Exabeam continuously baselines the normal behavior of all users and entities on the network using behavioral analytics. Any deviations from normal behavior are instantly flagged and assigned a risk score. All activity is also automatically organized into timelines that provide context for security teams to investigate and take decisive action. As a result, analysts can detect insider threats, compromised accounts, data loss, and other advanced threats.

Most organizations limit PCI scope to lower the cost of the PCI-DSS assessment; to lower the cost and difficulty of implementing and maintaining PCI-DSS controls, and to reduce the likelihood of non-compliance.

Exabeam provides hundreds of pre-built detection models to immediately flag PCI scope violations and save your organization from surprises during PCI audit time.

Another PCI-DSS tenet is to quickly and effectively respond to any incident.

Exabeam Smart Timelines are created for every user and every device, every day automatically. Smart Timelines provide a chronological list of all activities—normal and abnormal—so analysts can see an entire attack, not just pieces of it. With a clear understanding of the scope of the attack, analysts can use pre-defined response actions and playbooks, or create their own to orchestrate and automate remediation.

Businesses operate in distributed environments leveraging internal and external infrastructure. To gain visibility across these domains and monitor them for SOX compliance, logs must be collected from all of these operating environments.

Exabeam gives security teams the edge they need to quickly and accurately identify risky activity related to financial reporting no matter where it occurs.
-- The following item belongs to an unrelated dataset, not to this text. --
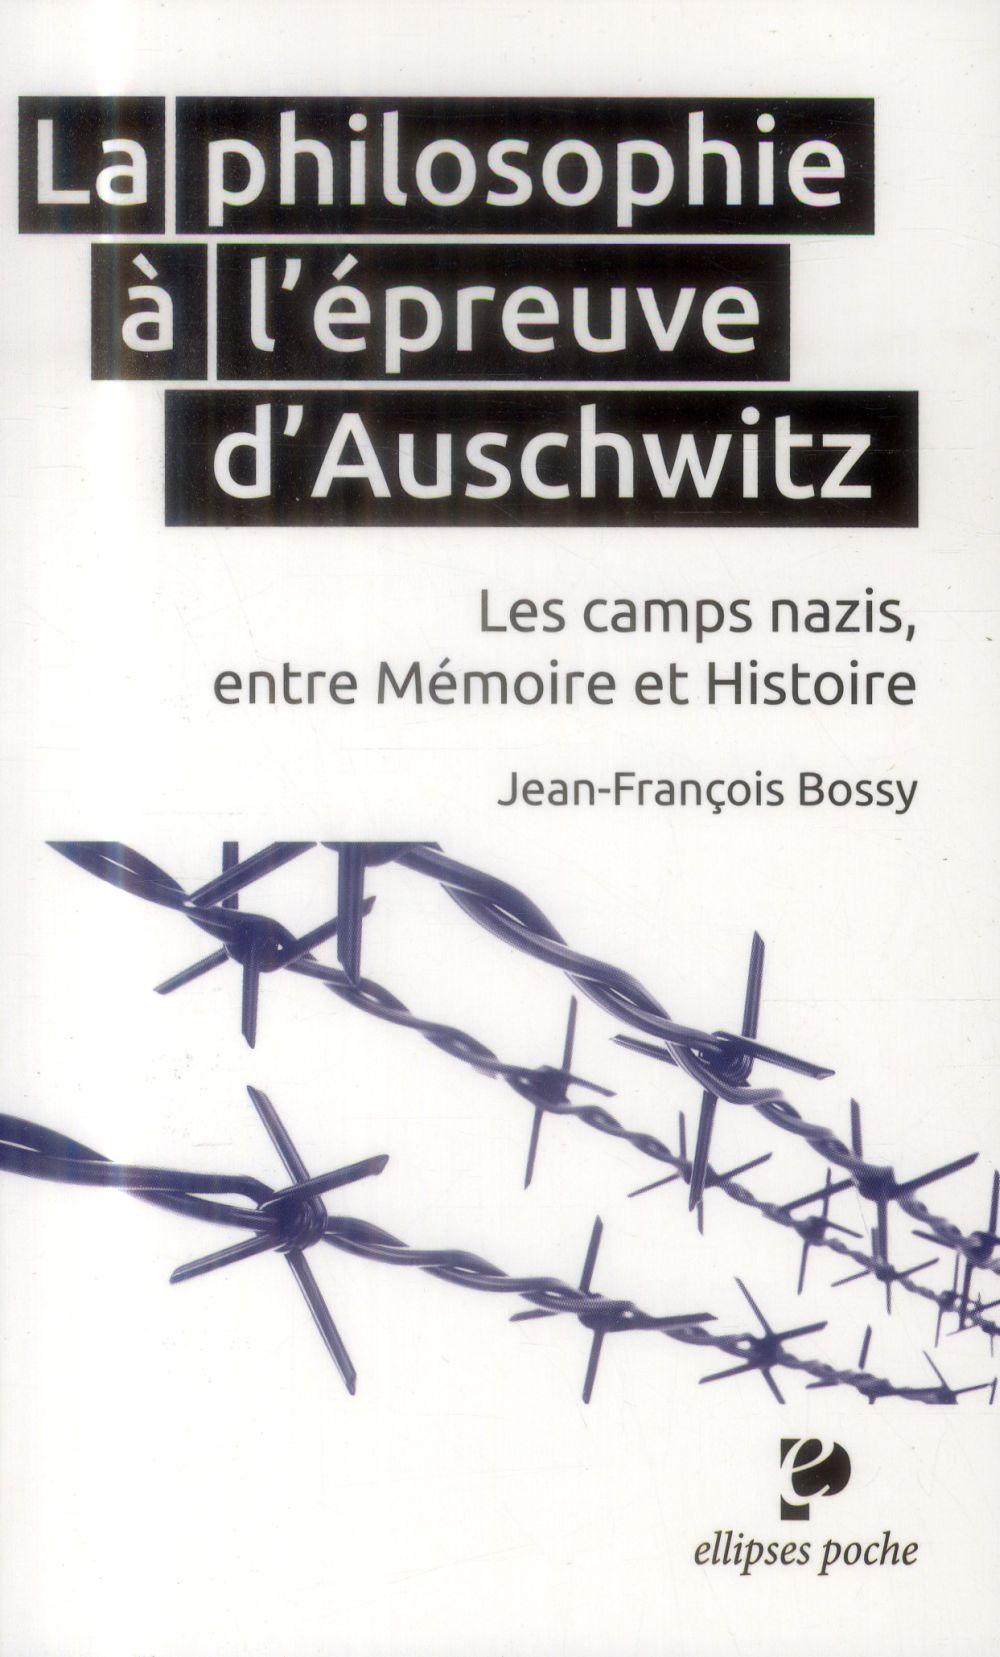 La_Philosophie_a_l_epreuve_d_Auschwitz

Exabeam ingests log data across disparate domains (e.g., cloud, database, email, application) and assembles it into a coherent activity chain to improve analyst visibility. Regarding the detection of data tampering specifically, Exabeam has built-in file monitoring models that track every file-related action—including initial access, attaching data to an email, downloading, or even writing to a USB drive.

Ensuring only authorized personnel access sensitive data is a fundamental requirement for financial systems. The only way to meet this requirement is to understand all users’ and entities ’ “normal” behavior.

Exabeam models users and entities to determine their normal behavior and then notifies analysts when any suspicious activity —including activity by users with valid credentials -occurs. Exabeam provides actionable insights about alerts from other security solutions, giving analysts the context to take quick, decisive action.

SOX Section 302 requires organizations to implement systems that protect against data tampering, track timelines, and evaluate the who-what-where-when of data access. For insider threats—especially those involving lateral movement—it may be difficult and time-consuming, if not impossible, to create accurate incident timelines.

Exabeam user and entity behavior analytics identify risky activities, then automatically creates timelines so analysts can investigate them. Automating parts of the investigation removes pressure on limited human resources and help analysts efficiently fulfill the Section 302 requirement.

Prevention is a core tenet of SOX, and has historically been the security teams’ focal point. But attacks do occur, and incident response must be effective.

Exabeam Smart Timelines are timelines that are created for every user and every device, every day automatically. Smart Timelines uniquely provide a chronological list of all activity—normal and abnormal—so analysts can see an entire attack, not just pieces of it. With a clear understanding of the scope of the attack, analysts can then use pre-defined response actions and playbooks, or create their own to orchestrate and automate remediation.